Every time you talk about lockdowns you sound as if you think that the scientific community was monolithically in favor of them. That was the case at the beginning, when it all started. But there were plenty of people who were in disagreement with that strategy as a long term solution. That was not the scientific consensus, that was a government/management choice (and I personally think that as with most things it was a matter of balance, lockdowns were needed to buy time for the vaccines, but at the same time you can't just keep everything closed for months and months and months to no end).

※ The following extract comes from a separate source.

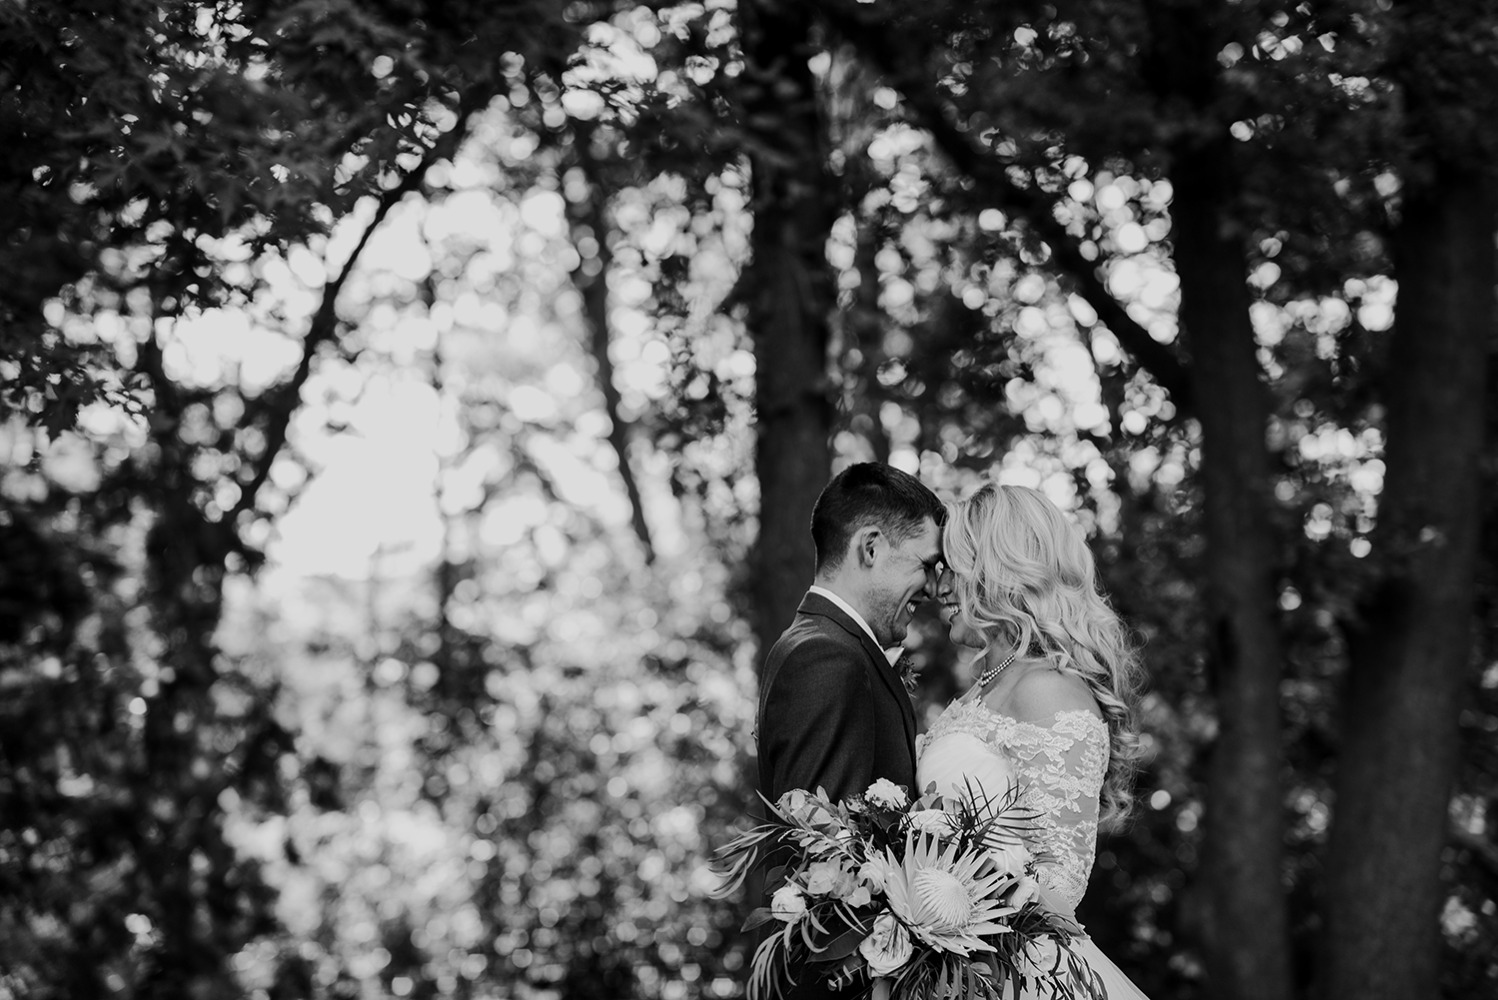 wedding-submission-from-shannon-bellisle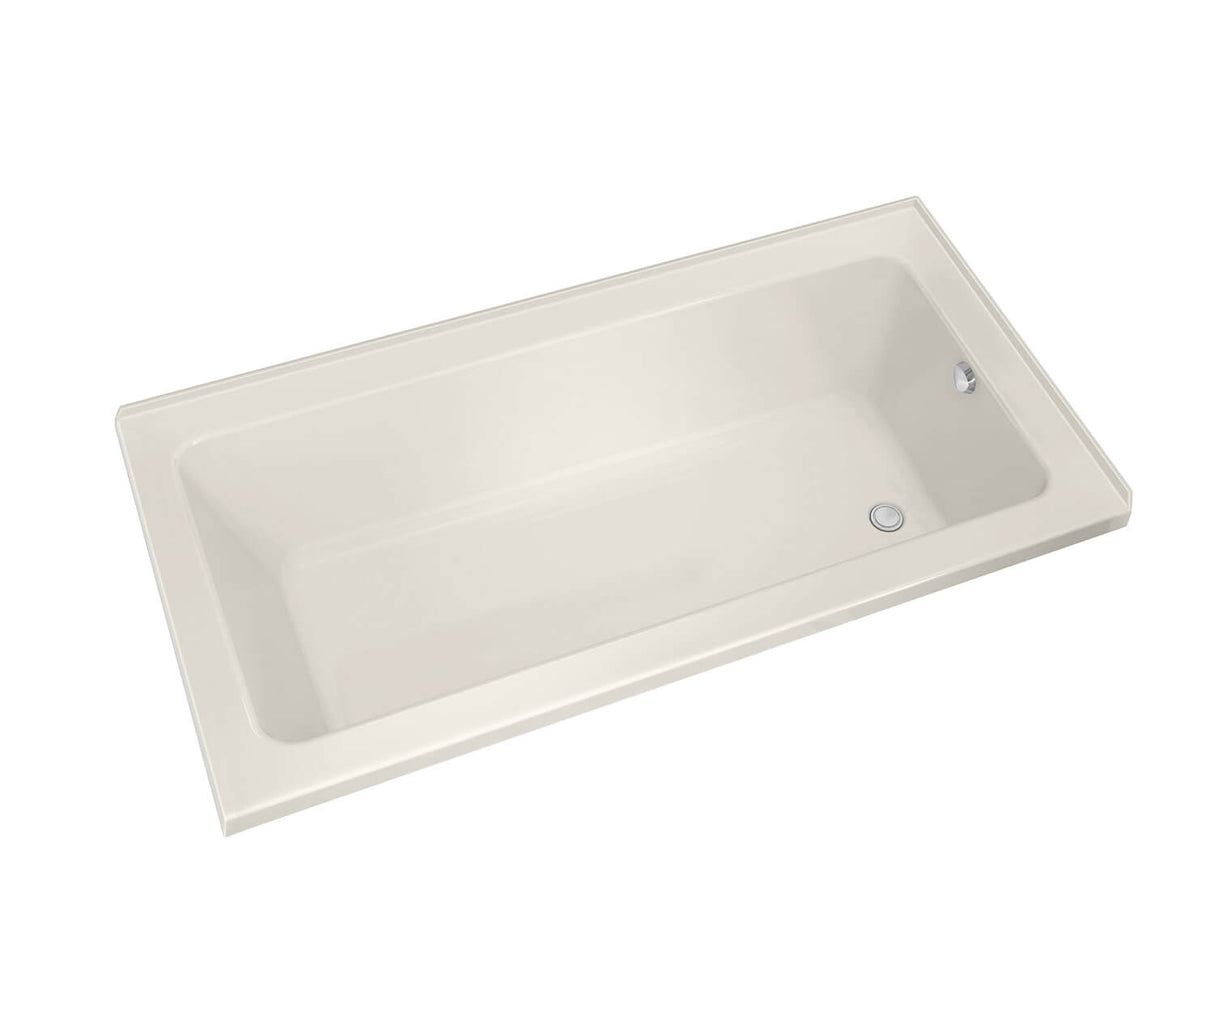 MAAX 106203-L-003-007 Pose 6032 IF Acrylic Corner Right Left-Hand Drain Whirlpool Bathtub in Biscuit

I am also not sure what would be your solution to the problem. Let's say for the sake of conversation that you are right and experts and academia suck and we are all a bunch of baboons who don't know what they are doing. What's the alternative? Are we going to start listening to people who suggest replacing mouthwash with bleach instead?
The senators are good men, but the Senate is a vicious beast. And many doctors of theology and priests were quite open-minded, well-meaning people who discussed the finer points of Tomist metaphysics as crazed crowds burned through things and people in the streets below them, because God willed so.
My problem is not with science itself, but how it is presented by - yes, often but not only by non-scientits like journalists or politicians - and the implied technocracy. That politics is reduced to
mommy scientists knows best and the matter is settled. Dissent is unscientific and thus unacceptable. This kind of political scientism is fundamentally undemocratic, illiberal and whatever the opposite of humanistic is.
A microbiologist or and epidemiologist may be the most qualified to answer what covid is and how it spreads etc, but they are not uniquely qualified to determine what political action ought to be taken. A doctor may be qualified to tell you your arteries are clogged and the way to undo it is diet and exercise, but he shouldn't have the right to make you do that. You still have your moral and legal autonomy and you decide. Yes, technically the restrictions were enacted by political bodies, but they did so by just blindly appealing to the scientific authority. Though formally decided by political bodies, the idea that there is only one possible course of action - the one suggested and sanctioned by science - was widely spread and inserted into people's heads.
And this is still the best case scenario where
1) you have the faith and trust that the scientists truly gave their best effort, good faith opinion, which is a huge leap of faith, especially when untold amounts of money and power are involved. sure, there is probably zero corrupting pressure, or outright bribery, blackmail or any combination on a scientist researching how often a ladybug ****s.
2) the most qualified opinion is actually pretty qualified. This too is often not the case. Suppose there is a group of preteens. All but one are old order Amish and one is a "normal" kid. In this group, the normal kid is clearly the most qualified to drive a car. He's never driven one, he doesn't really understand ho a combustion engine works, but he understands the basic idea that you have to put the key in the starter, that the pedals are somehow involved. But I'm still not getting in that car, if he's driving.